Hiberix is approved only for the last dose of the Hib series among children 12 months of age and older. The recommended age is 15 months, but to facilitate timely booster vaccination it may be given as early as 12 months.
The recommended age for the 4th dose of MenHibrix is 12-18 months.
Hib vaccines are generally recommended for all infants, including those born prematurely, beginning at 2 months of age.
Hib vaccines may also be recommended for older children or adults with asplenia (no spleen), sickle cell disease, before surgery to remove the spleen, after bone marrow transplants, or people with HIV.
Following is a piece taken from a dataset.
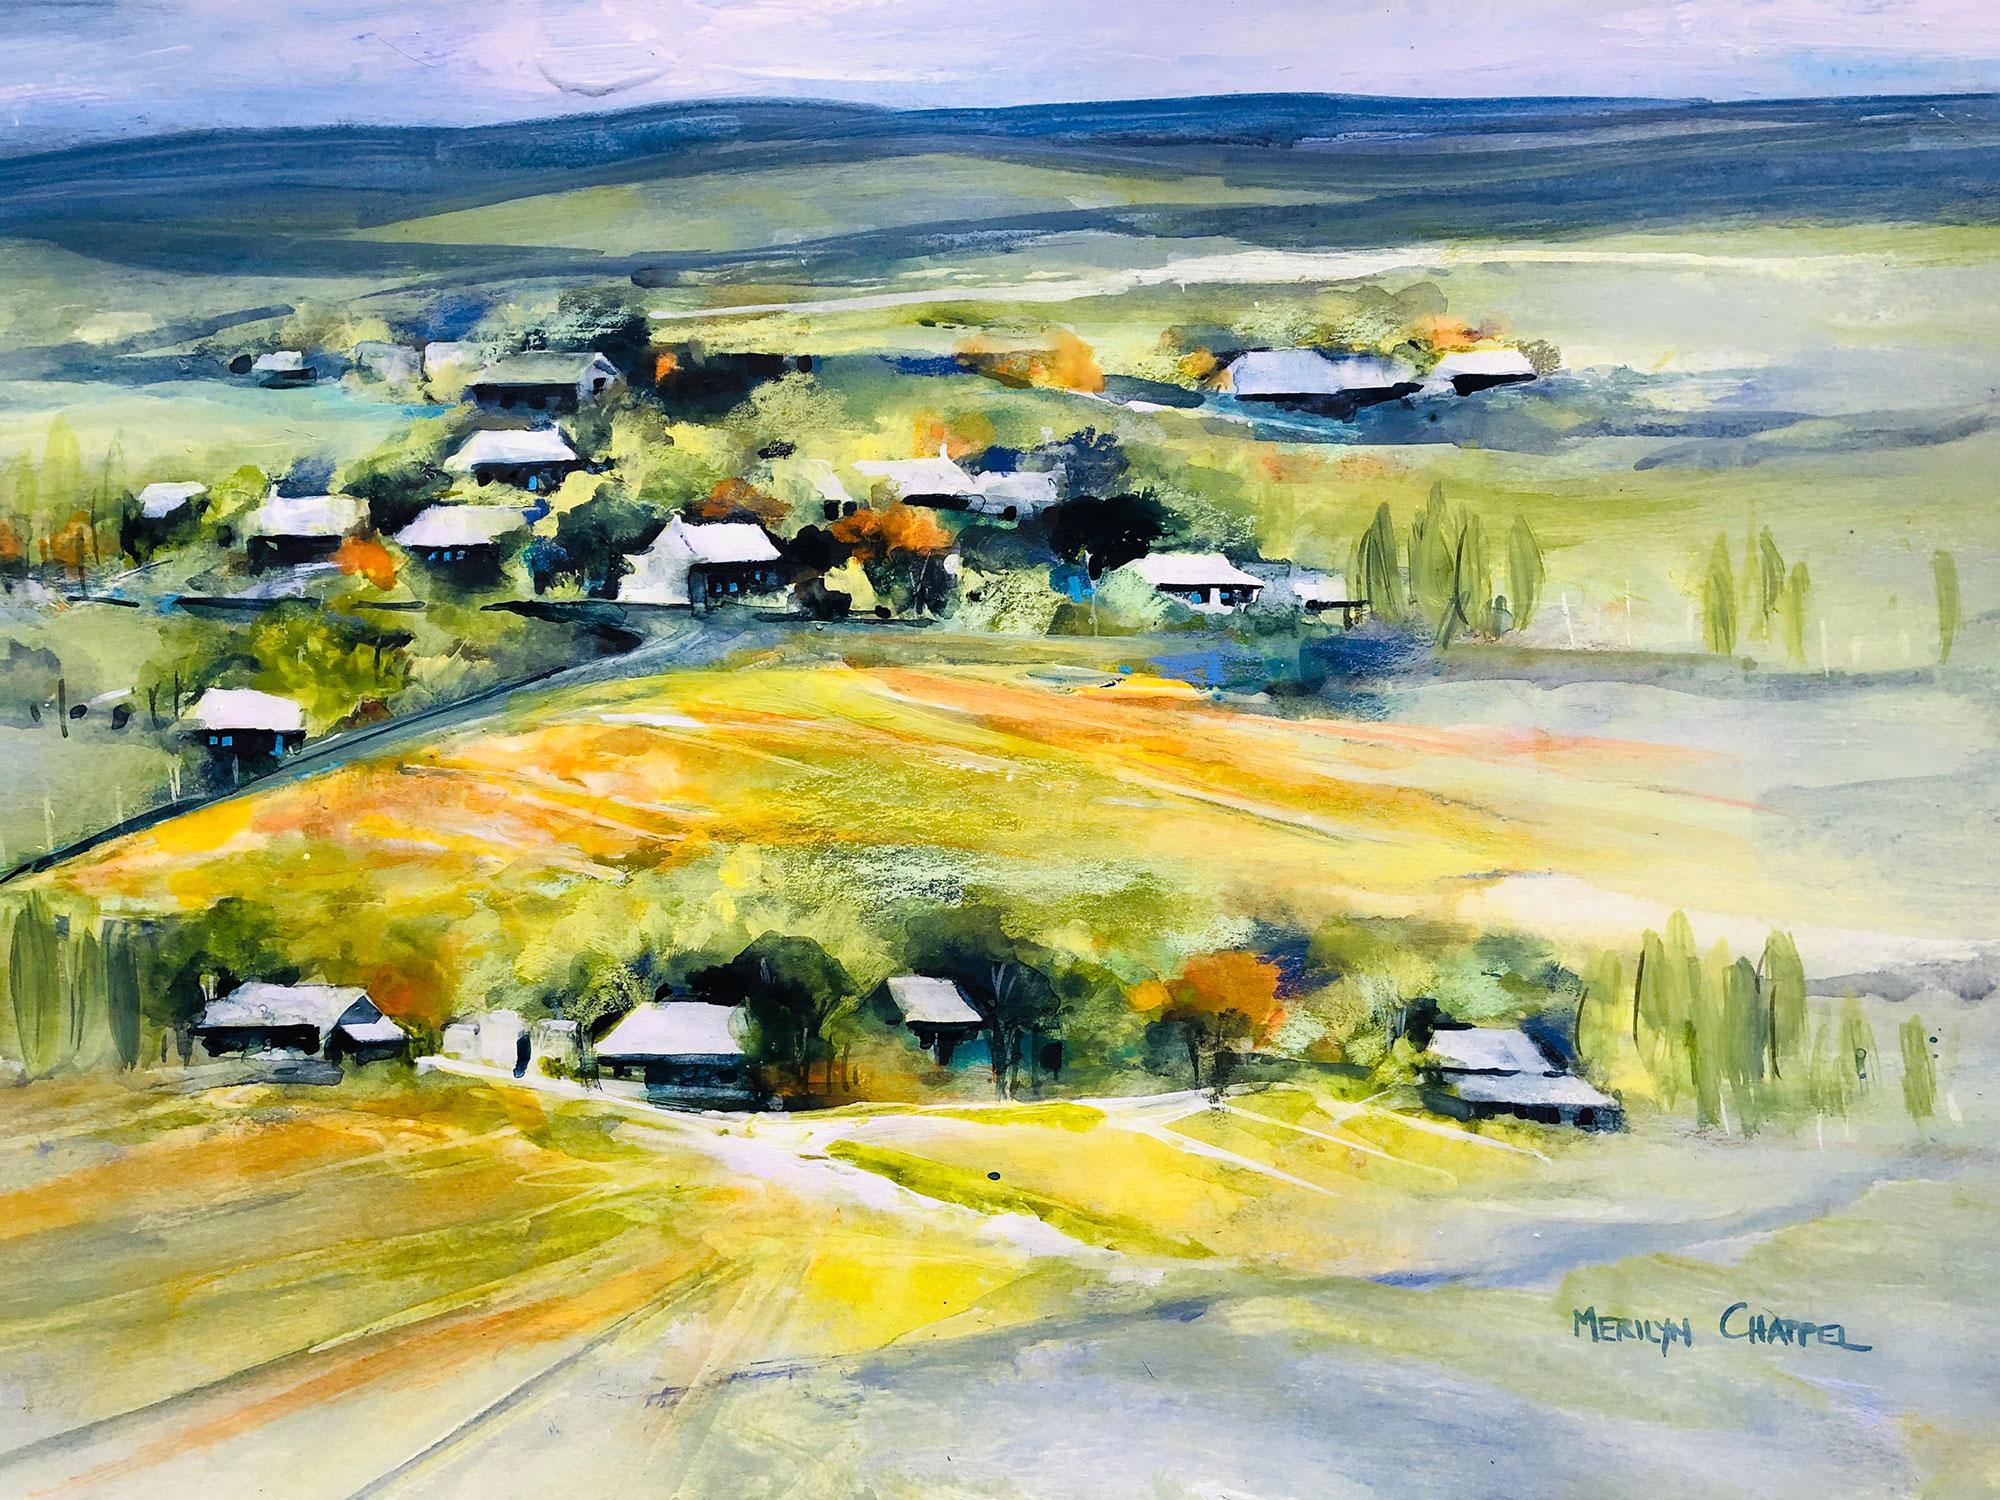 Summer-fields-of-canola

Hib vaccines should NOT be given to infants under 6 weeks of age, anyone who has had a life-threatening allergic reaction to a previous Hib vaccine or any other ingredient in the vaccine.
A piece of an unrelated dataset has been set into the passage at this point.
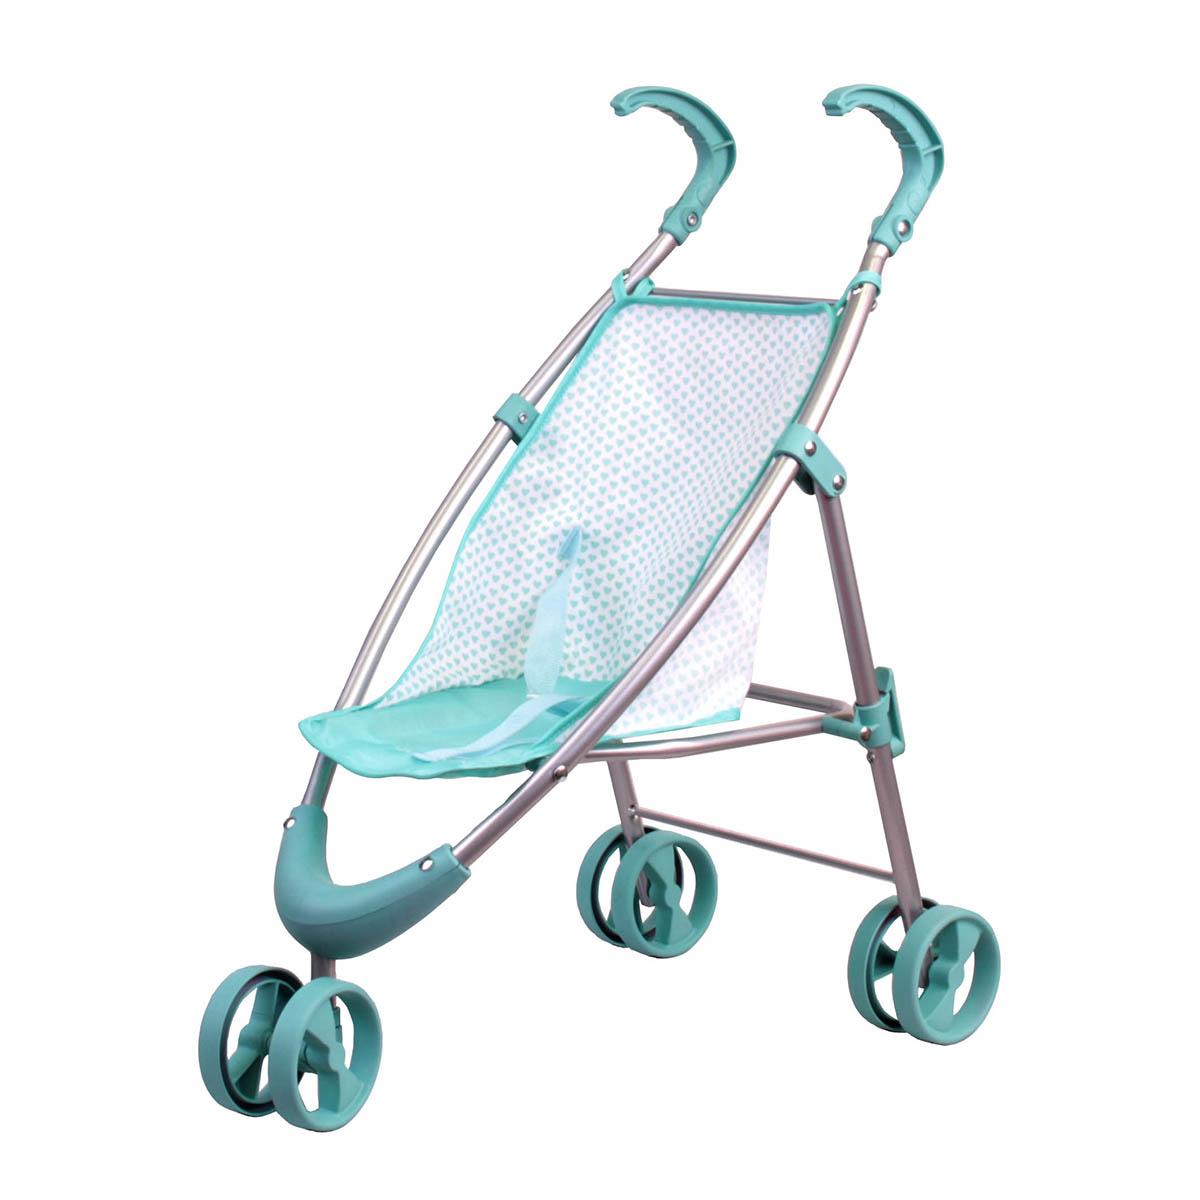 Прогулочная коляска мятная - Коляски для кукол, артикул: 159025

People who are moderately or severely sick should probably wait until they get better before receiving the vaccine.
Three or four shots, depending on the type of vaccine. Unvaccinated children over 7 months old may not require a full series of 3 or 4 shots.
Two shots are needed for PRP-OMP vaccines like PedvaxHIB or Comvax. Three shots are needed for PRP-T vaccines like ActHIB, Pentacel, or MenHibrix. A booster shot is recommended at 12-15 months regardless of which vaccine is used for the primary series.
Most people who get the Hib vaccine do not have any serious side effects. The most common problems are low-grade fever and mild injection-site reactions like redness, warmth, or swelling. These side effects begin soon after the shot and last for 2 or 3 days.
Swelling, redness, or pain have been reported in 5%-30% of recipients and usually resolve within 12-24 hours. Systemic reactions such as fever and irritability are infrequent. Serious reactions are rare.
There is a low risk of the Hib vaccine causing severe side effects or death. The risk of severe side effects depends on the type of vaccine.
Severe allergic reactions (e.g. anaphylaxis) occur in fewer than 1 in a million doses of the vaccine. The symptoms may include hives, swelling of the face and throat, difficulty breathing, a fast heartbeat, dizziness, and weakness within a few minutes or hours of the vaccine.
Shoulder Injury Related to Vaccine Administration (SIRVA) is another rare but serious side effect that occurs when the vaccine needle punctures tendons, ligaments, or the bursa in the shoulder. It can cause permanent weakness, pain, limited movement, or disability.